No power in New Zealand's largest city

By Peter Symonds
26 February 1998

An extensive and lengthy power blackout has hit Auckland, the largest city in New Zealand, often hailed as a "model" of economic deregulation. For five days, electricity has been virtually cut off to the city's central business district.

The business center was thrown into chaos when a sub-contractor accidentally severed the last of four major power cables supplying the area on February 20. Three other cables had failed over the previous month. Only a limited stand-by cable now provides power to the city's two main hospitals and other emergency services.

Officials admit that the blackout may last for up to three weeks. Pandemonium has been created in central Auckland, where over 50,000 people work in hundreds of shops and offices. Emergency services have urged people to stay out of the central business district, but a number of businesses have insisted on remaining open, some with limited power supplies from portable generators. Overheated diesel generators have caused at least four fires.

Some 6,000 residents have been advised to move out until power is restored. Neither the government nor the electricity company, Mercury Energy, have offered them assistance. People with nowhere else to go have been forced to use emergency shelters set up by the Auckland City Council in school halls.

Local officials have warned of major health risks in the event of a breakdown of water and sewerage supplies. Extra garbage services have been scheduled to cope with the rotting food thrown away by restaurants, shops and residents whose refrigeration systems no longer operate.

While residents and workers have received little help, police patrols have been greatly boosted to protect banks and businesses left without alarms or security systems. City authorities have not declared a civil emergency, but the national government of Prime Minister Jenny Shipley has put army troops on alert.

Auckland University and the city's polytechnic, due to reopen this week after the summer holiday, have told 24,000 students and staff to stay away. Port of Auckland authorities have turned away incoming ships and sent thousands of refrigerated containers with perishable exports such as butter and meat to other ports.

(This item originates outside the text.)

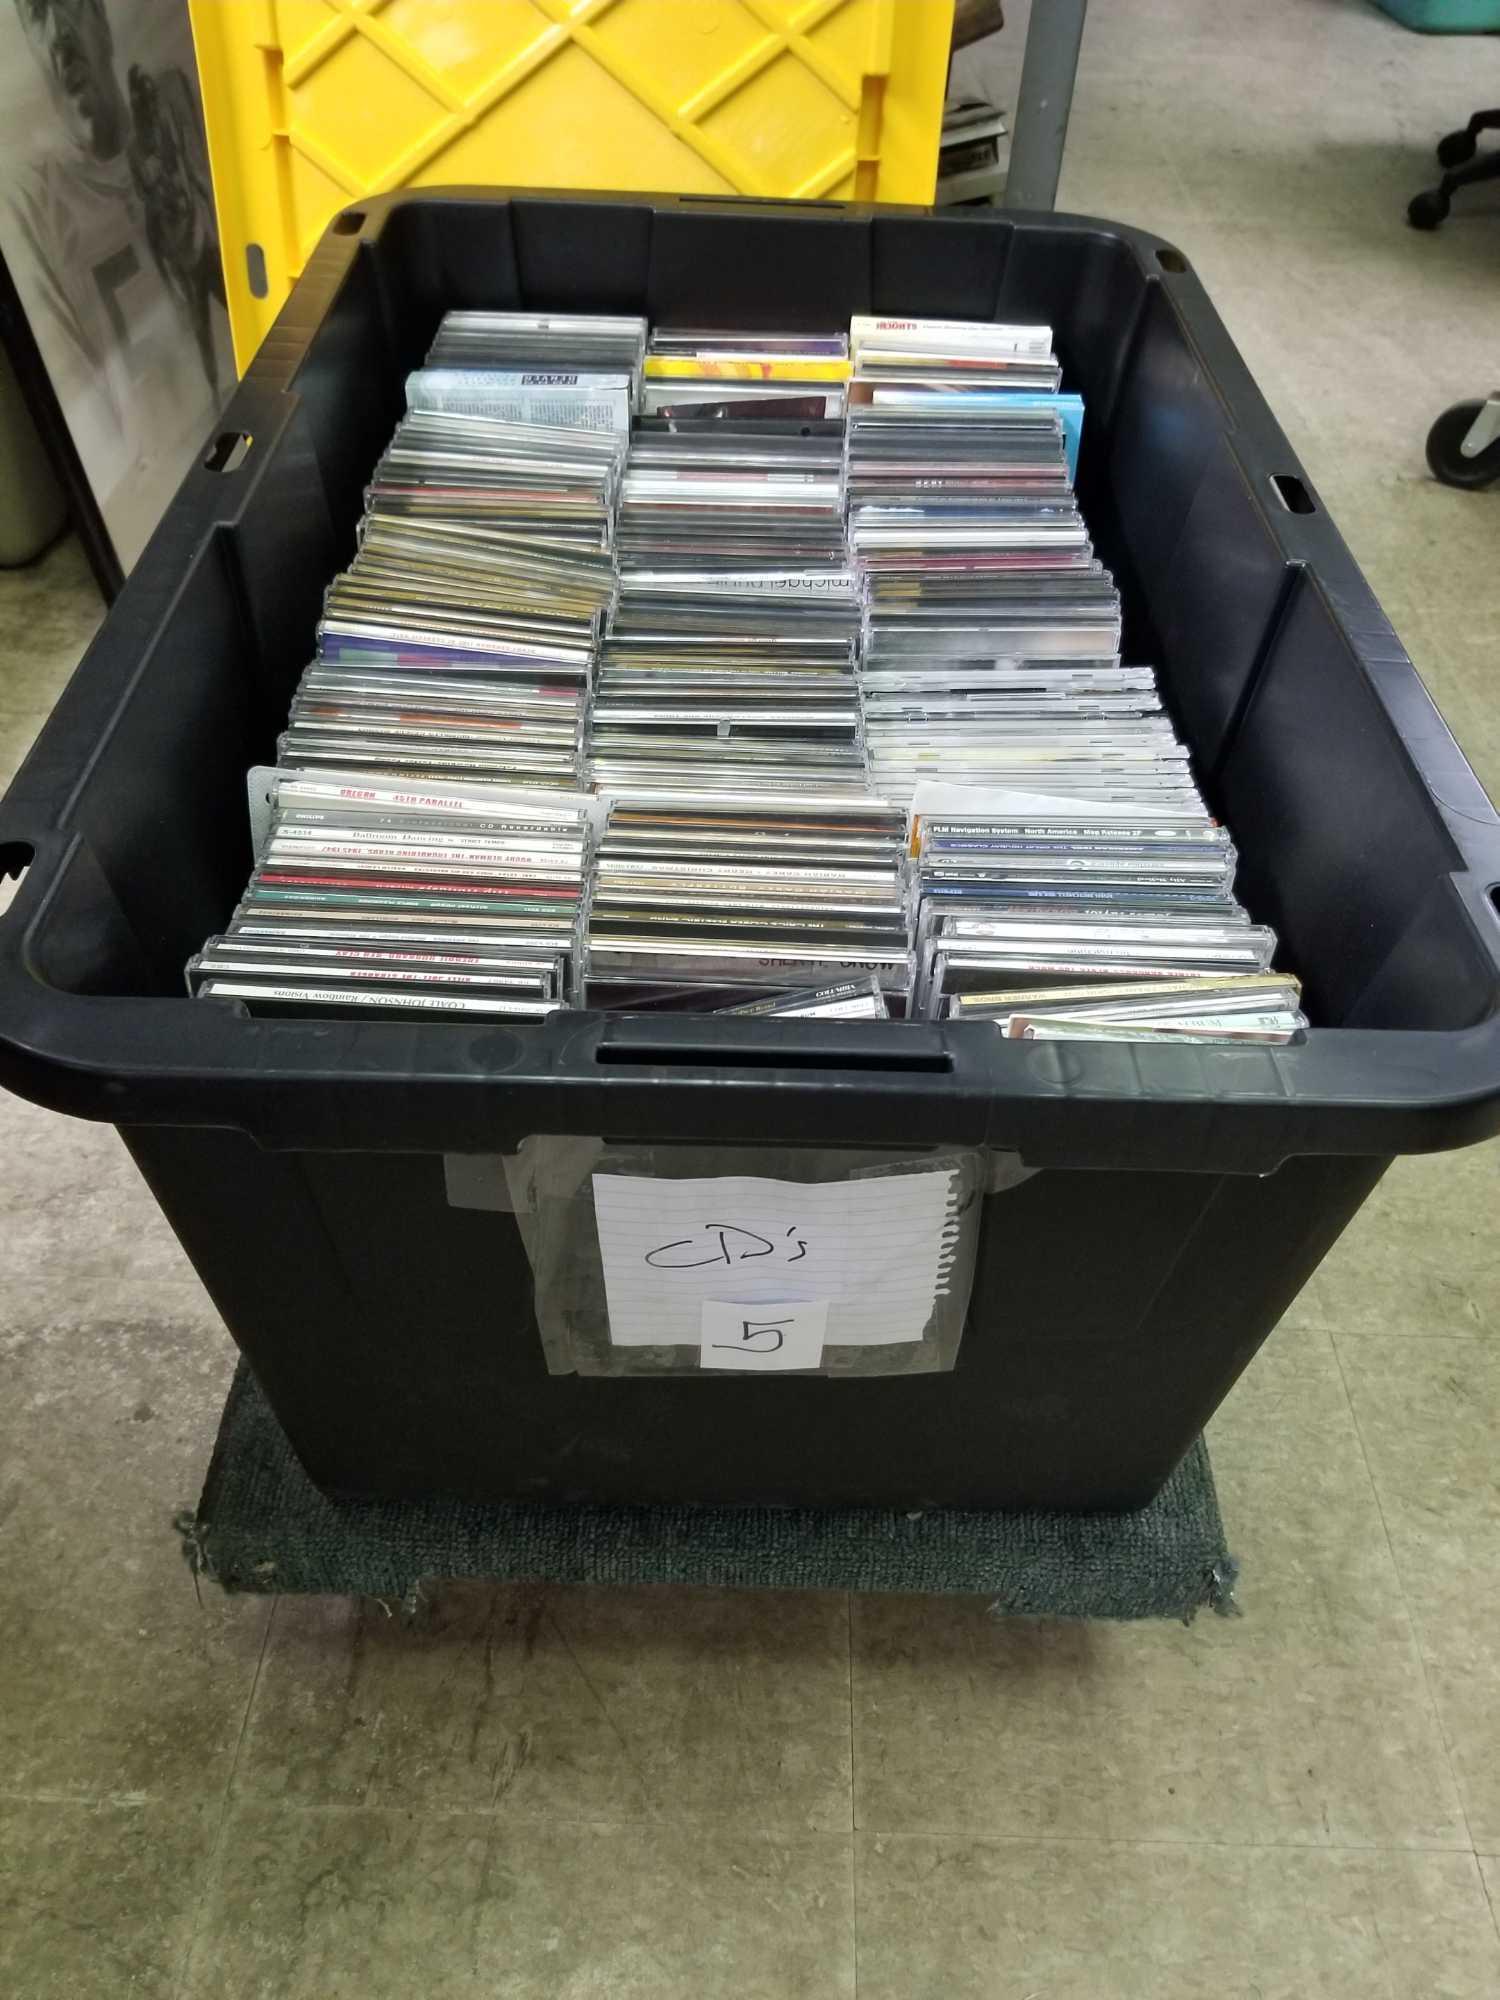 Bin Full of CDs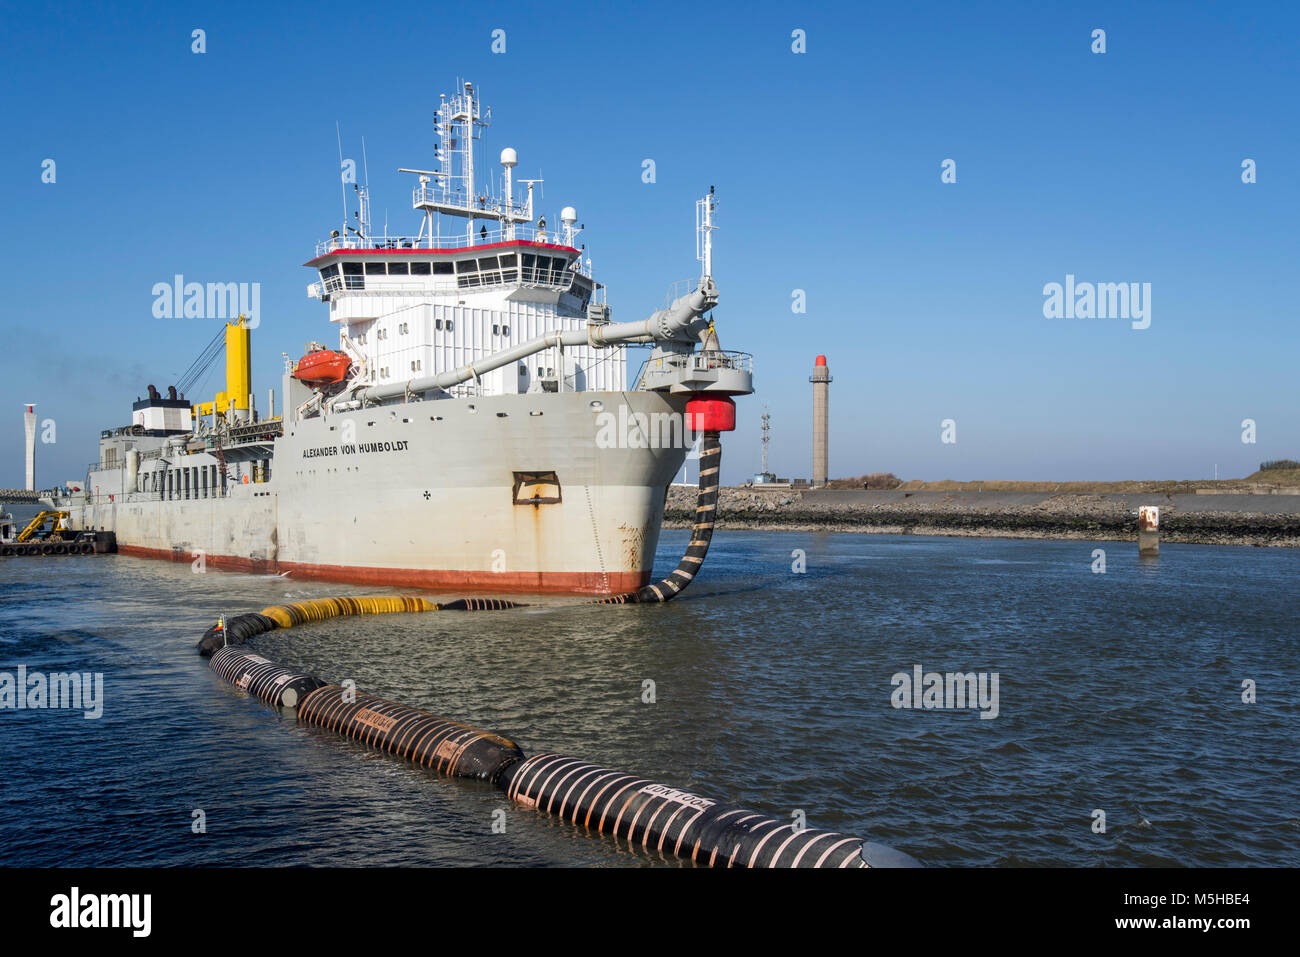 Trailing tramoggia di aspirazione draga Alexander von Humboldt nel porto di Ostenda sabbia di scarico tramite flessibili lunghi / pipeline flottante a spiagge, Belgio Foto Stock

Mercury Energy chairman Jim Macaulay has attempted to mystify the electricity collapse. "It's the most incredible, freakish bad luck you could ever imagine," he said.

Bad luck may have played a role in triggering this calamity, but its more basic causes lie in far-reaching processes within the private profit system. Like every other industry, electricity supply is being globalised and privatised. In a bid to improve competitiveness and attract investment, successive New Zealand governments have sold off the country's electricity generation facilities to private corporations, together with most other state-owned enterprises and services.

This carve-up has been accompanied by massive job shedding, as well as cuts in maintenance, working conditions and safety standards. In recent years, Mercury Energy has retrenched over half its technical staff, including most of the junction fitters needed to properly maintain power cables. Two of the cables supplying central Auckland were more than 40 years old and the other two were 20 years old.

Electricity supply in New Zealand is now in the hands of competing private companies each seeking to slash costs, maximise short-term profits and drive their rivals out of business. Mercury Energy has mounted a protracted and bitter takeover bid for the neighbouring supplier--Power New Zealand. On the one hand, the company has not replaced cables. On the other, it has spent NZ$300 million on the takeover.

The Shipley government, a coalition of the conservative National Party and the right-wing populist New Zealand First, announced a public inquiry into the Auckland power failure on February 23. The terms of the inquiry, however, are yet to be revealed and are likely to be very narrow, so as to protect the government's position. Under Shipley's predecessor as prime minister, Jim Bolger, this government transformed publicly-owned electricity boards into private distribution companies such as Mercury Power.

The Labour Party opposition has had virtually nothing to say. The Labour governments of the 1980s initiated the privatisation of state-owned enterprises. As a first step, the Labourites converted the Electricity Department into a profit-making corporation, Electricorp, in 1986.

Throughout most of this decade, politicians and media pundits have hailed the glories of "the market," portraying the system based on private profit-making as the ultimate in social organisation and efficiency. Auckland's power failure, following that in eastern Canada last month, must be cause for reflection.

In the midst of astonishing technological and scientific advances, the capitalist market is proving incapable of guaranteeing the supply of even the most basic requirements of civilisation, such as electricity. Together with thousands of skilled jobs, long-term planning and maintenance have been sacrificed to the narrow and insatiable requirements of corporate profit.